Hoje, passados vinte e seis anos do meu nascimento, cá estou eu, sentado na cadeira do meu escritório, exausto por mais um dia de pepinos no banco, aguardando a tela do meu computador mostrar uma coisa tão simples, mas tão sensacional. Minha mulher diz que é bobo, diz que não vê sentido nisso. Eu a ignoro nesse ponto, tadinha, não sabe o que fala. Ela aliás nem entende exatamente o que foi que eu consegui fazer. Sobre o que acha meu filho, que dorme profundamente no quarto ao lado, não preciso nem dizer nada. Imagino que eu, aos três anos de idade, também não conseguisse distinguir muita coisa. Já eu, o que sinto agora é algo inexplicável, quase sobrenatural. Depois de ter conseguido efetivamente abrir o browser Mosaic, meu corpo se inundou com uma mistura de ansiedade e euforia que não consigo nem acreditar existir. Deve ser por isso que enquanto olho meu computador carregar, pixel a pixel, linha a linha, a imagem à minha frente, estou refletindo sobre o que foi que aconteceu e que me fez chegar até aqui. Lembrando do meu passado, das minhas solitárias porém divertidas tardes no mato, das minhas incansáveis tardes na oficina do meu pai, sempre criando ou consertando as coisas.

Passei a semana toda atarefado com os preparativos para o que está acontecendo agora. Furei a parede e passei o cabo do telefone lá do quarto para o escritório. Conectei o cabo no modem que comprei esses dias, e via Renpac, rede nacional de pacotes da Embratel, acessei o provedor Alternex. Podia ter feito via DDD direto pro Rio de Janeiro, mas não compensaria. O minuto da ligação até o Rio sai muito caro. Pensando agora parece ter sido tão simples, mas conectar meu computador no provedor não foi uma tarefa nada fácil.

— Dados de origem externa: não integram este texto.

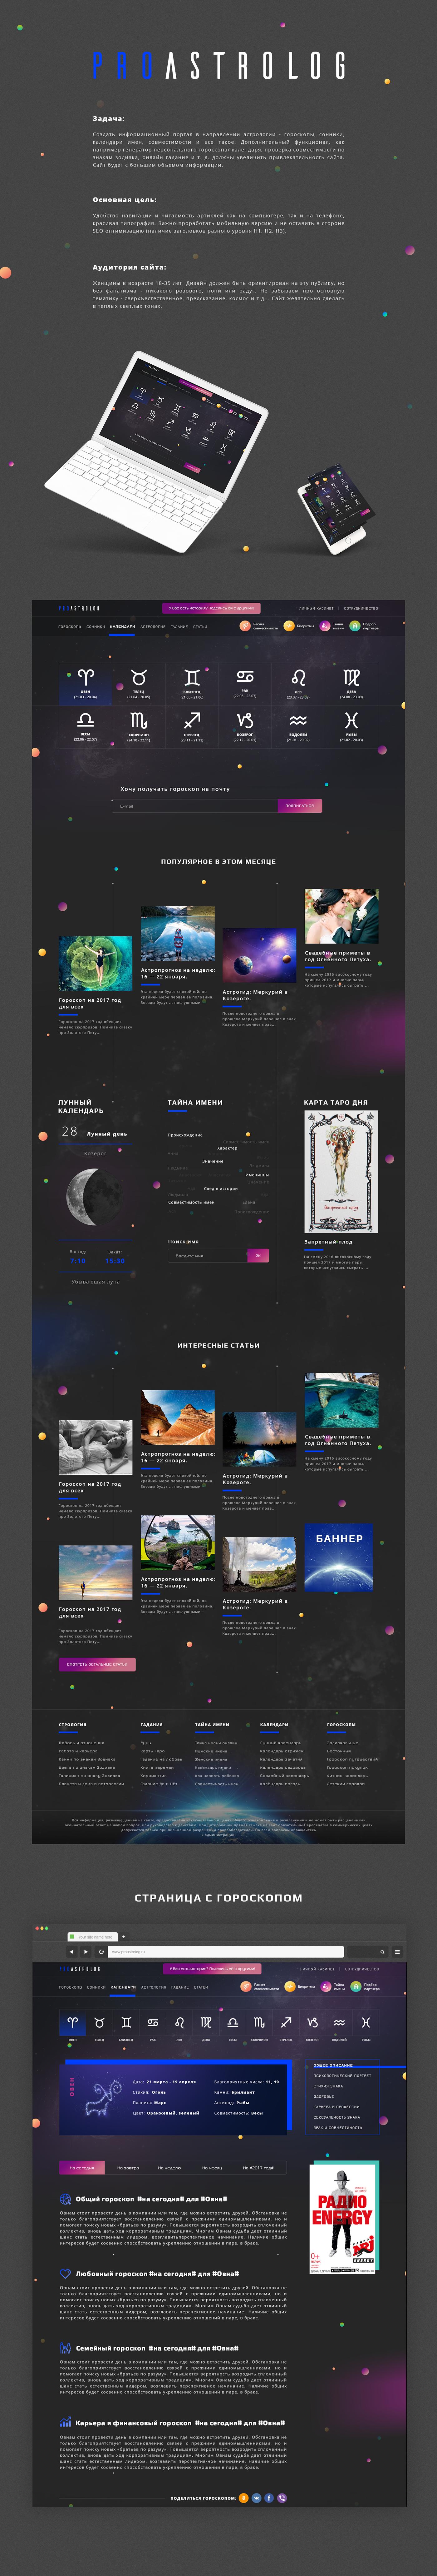 Astrological portal on Behance

Agora, já faz duas horas que a merda do monitor tá carregando isto e foi só uns vinte por cento. E nessas mesmas duas horas estou olhando fixamente para a tela, notando como a pintura à minha frente se cria, se forma, como se estivesse sendo pintada ao vivo pelo artista, mas com alguns meros detalhes: a tela que observo é a do meu computador e o Leonardo da Vinci já morreu há muito tempo. Não consigo acreditar que estou vendo um dos quadros mais conhecidos do mundo se materializar na minha frente assim, do nada. E ele tá vindo de tão longe, lá da França. O Louvre tá lá em Paris, caralho! E ele tá me mandando, devagarzinho, o quadro 'Mona Lisa' do da Vinci. Tá vindo diretamente, ao vivo e em cores, do acervo digital do website do Museu do Louvre para o meu computador. Penso que não importa quantas horas forem, ainda vai ser mais rápido assim do que vir pelo correio em correspondência. Ri sozinho disso.

"Estou indo dormir, você vai ficar olhando pra esse monitor a noite inteira?" - perguntou a minha esposa.

"Já vou, já vou" – respondi. Precisava descansar para trabalhar novamente no dia seguinte. Com o moleque pequeno e a mulher prestando concurso, não posso simplesmente largar o trabalho pelo hobby.

Deixei o computador ligado para que o download terminasse. Acho que a maioria das pessoas não sabe nem o que significa a palavra download. Nem eu sei direito, mas sei o que é. É o que tá acontecendo agora lá no escritório. A transferência de dados do acervo do museu diretamente aqui para casa.

Acabei de deitar na cama, mas estou sentindo um frio... Mas não frio porque faz frio, já que hoje é um dia quente. Sinto aquele frio na barriga, aquela euforia da descoberta, aquilo que sei que é o que quero sentir pelo resto da minha vida. A única coisa que consigo pensar agora é que eu sou o primeiro londrinense a ter acessado a internet da própria casa. Ah, como eu amo a tecnologia!


Involução - 2016


Agora há pouco, descobri uma coisa muito interessante fuçando na internet, a permacultura. É um sistema de design para a criação de ambientes humanos sustentáveis e produtivos em equilíbrio e harmonia com a natureza. Do inglês permanent culture – nasceu na cabeça de um cara chamado Bill Mollison, ex-professor universitário australiano, na década de setenta. Pelo visto deve haver aqui alguma coincidência do destino, porque tanto eu, quanto a permacultura nascemos juntos, visto que eu nasci precisamente no ano de 1970.